Construction of 3D Triangles on Dupin Cyclides

Construction of 3D Triangles on Dupin Cyclides

Bertrand Belbis (Université de Bourgogne, France), Lionel Garnier (Université de Bourgogne, France) and Sebti Foufou (Université de Bourgogne, France, & Qatar University, Qatar)
DOI: 10.4018/978-1-4666-3906-5.ch009


This paper considers the conversion of the parametric Bézier surfaces, classically used in CAD-CAM, into patched of a class of non-spherical degree 4 algebraic surfaces called Dupin cyclides, and the definition of 3D triangle with circular edges on Dupin cyclides. Dupin cyclides was discovered by the French mathematician Pierre-Charles Dupin at the beginning of the 19th century. A Dupin cyclide has one parametric equation, two implicit equations, and a set of circular lines of curvature.

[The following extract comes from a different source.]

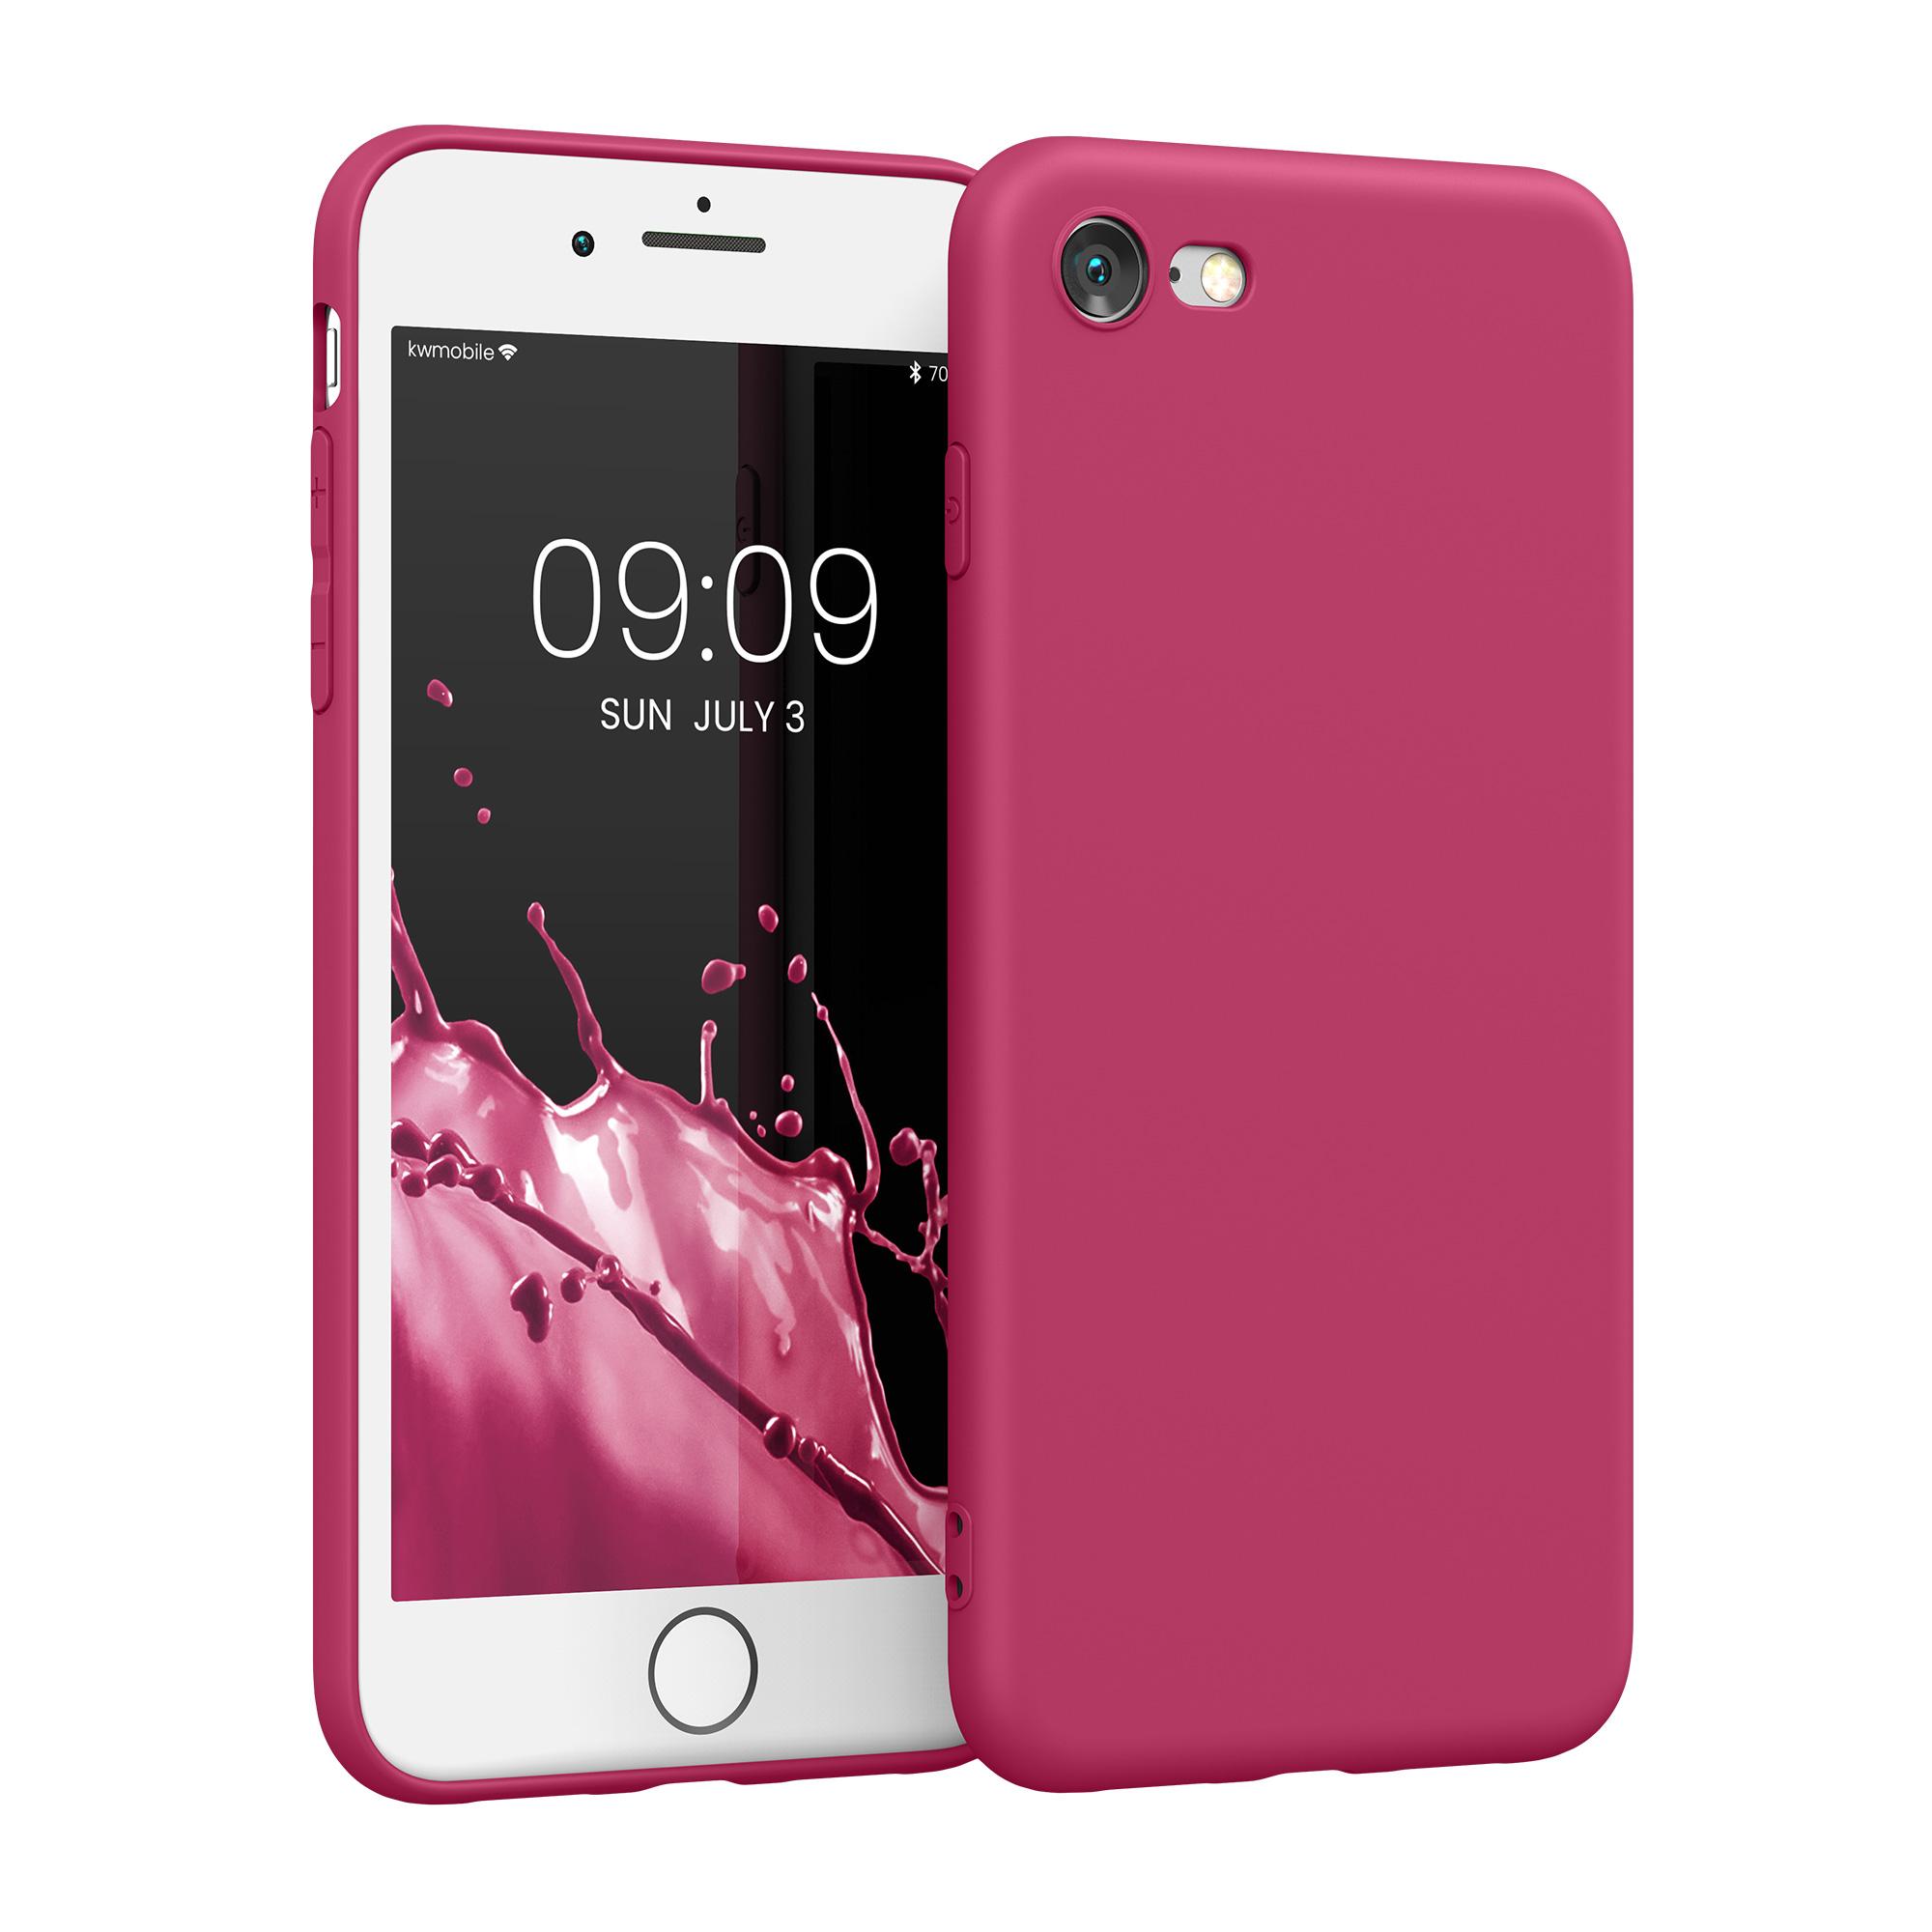 Kvalitní silikonové TPU pouzdro pro Apple iPhone 7 / 8 / SE  - Pomegranate Red

The authors use the properties of these surfaces to prove that three families of circles (meridian arcs, parallel arcs, and Villarceau circles) can be computed on every Dupin cyclide. A geometric algorithm to compute these circles so that they define the edges of a 3D triangle on the Dupin cyclide is presented. Examples of conversions and 3D triangles are also presented to illustrate the proposed algorithms.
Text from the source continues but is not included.